Much of the administration’s evidence reportedly has come from Israeli intelligence, including intercepts of conversations of Syrian officials talking about the chemical weapons.

The five permanent members of the Security Council met today but, not surprisingly, failed to reach an agreement on how to deal with Syria as two of those veto-wielding members, Russia and China, are allies of President Bashar al-Assad.

There was also difficultly reaching agreement in the House of Commons today as Prime Minister David Cameron narrowly lost a vote, 272-285, on a measure that supported in principle military intervention in Syria.

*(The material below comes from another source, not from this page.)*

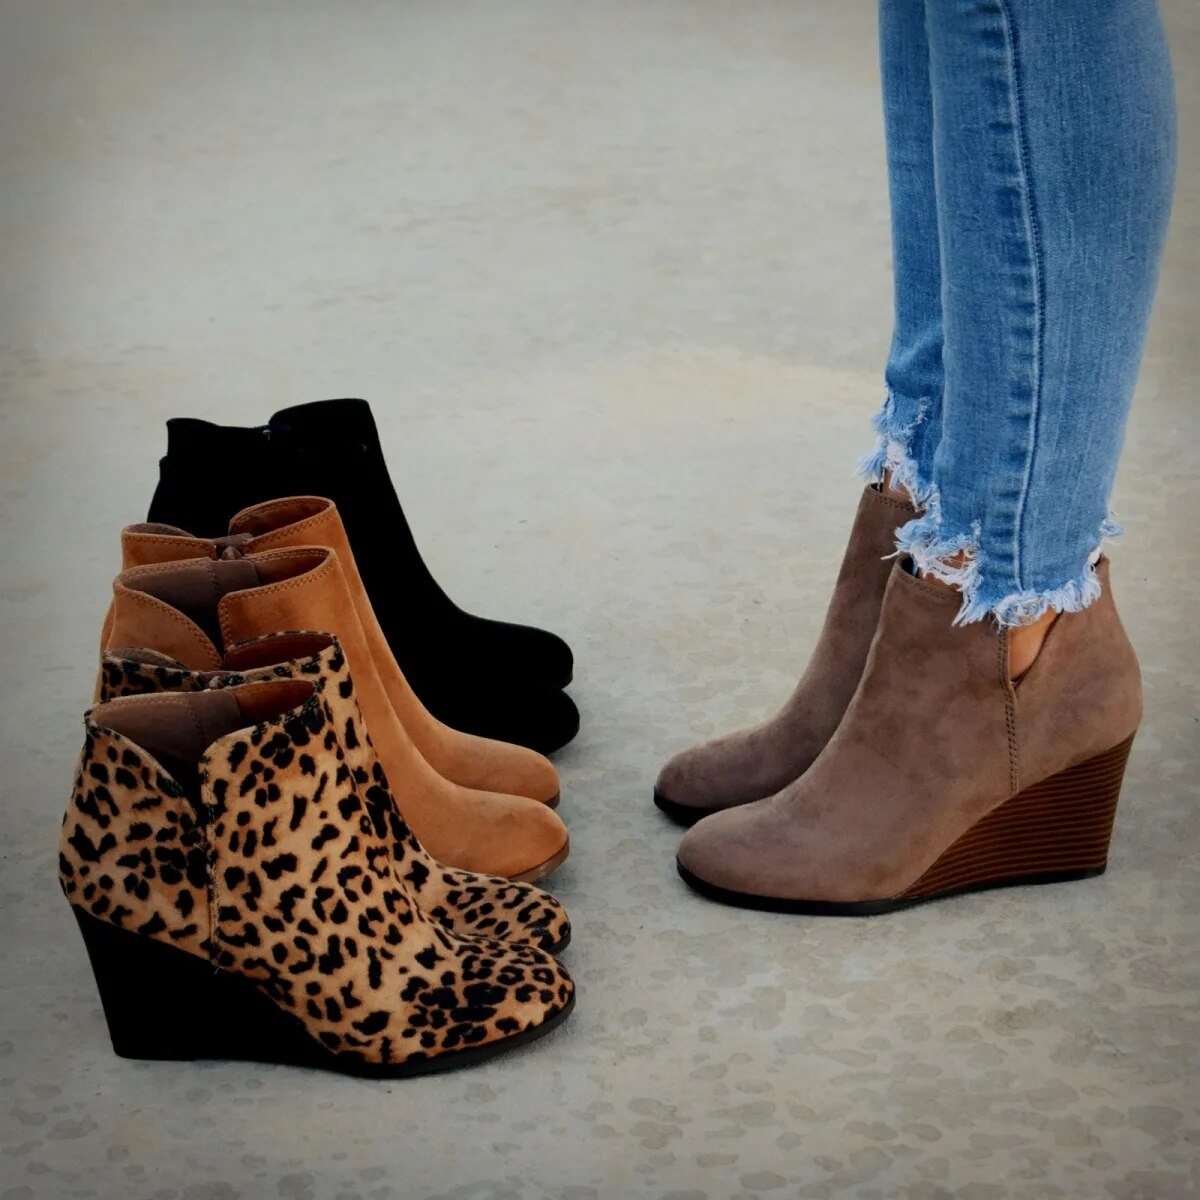 Fashion Short Boots Winter Women Leopard Ankle Boots Lace Up Footwear Platform High Heels Wedges Shoes Woman Bota Feminina

Rep. Scott Rigell (R-Va.) today wrapped up his letter to Obama urging the commander in chief to come seek authorization from Congress before any Syria strikes with 140 signatories: 119 Republicans and 21 Democrats.

“While the Founders wisely gave the Office of the President the authority to act in emergencies, they foresaw the need to ensure public debate — and the active engagement of Congress — prior to committing U.S. military assets,” the letter states. “Engaging our military in Syria when no direct threat to the United States exists and without prior congressional authorization would violate the separation of powers that is clearly delineated in the Constitution.”

House liberals launched their own letter to Obama, led by antiwar Rep. Barbara Lee (D-Calif.).

“While we understand that as Commander in Chief you have a constitutional obligation to protect our national interests from direct attack, Congress has the constitutional obligation and power to approve military force, even if the United States or its direct interests (such as its embassies) have not been attacked or threatened with an attack. As such, we strongly urge you to seek an affirmative decision of Congress prior to committing any U.S. military engagement to this complex crisis,” states the letter, with 53 Democratic co-signers.

“We must learn the lessons of the past. Lessons from Iraq, Afghanistan, Libya, and others. We must recognize that what happens in Syria does not stay in Syria; the implications for the region are dire,” said Lee. “This letter is calling for a specific action: debate. Congress has a vital role this in this process and constitutional power that must be respected. The American people are demanding this debate before we commit our military, our money, or our forces to Syria.”

Sen. John McCain (R-Ariz.) said on CNN this evening that we’re watching Syria “evolve into one of the great humanitarian tragedies in history.”

Of the chemical weapons, McCain said Assad’s previous, smaller uses of these agents was evidence enough. “We know he’s already used them, so why wouldn’t he use them again in larger quantities?” he said.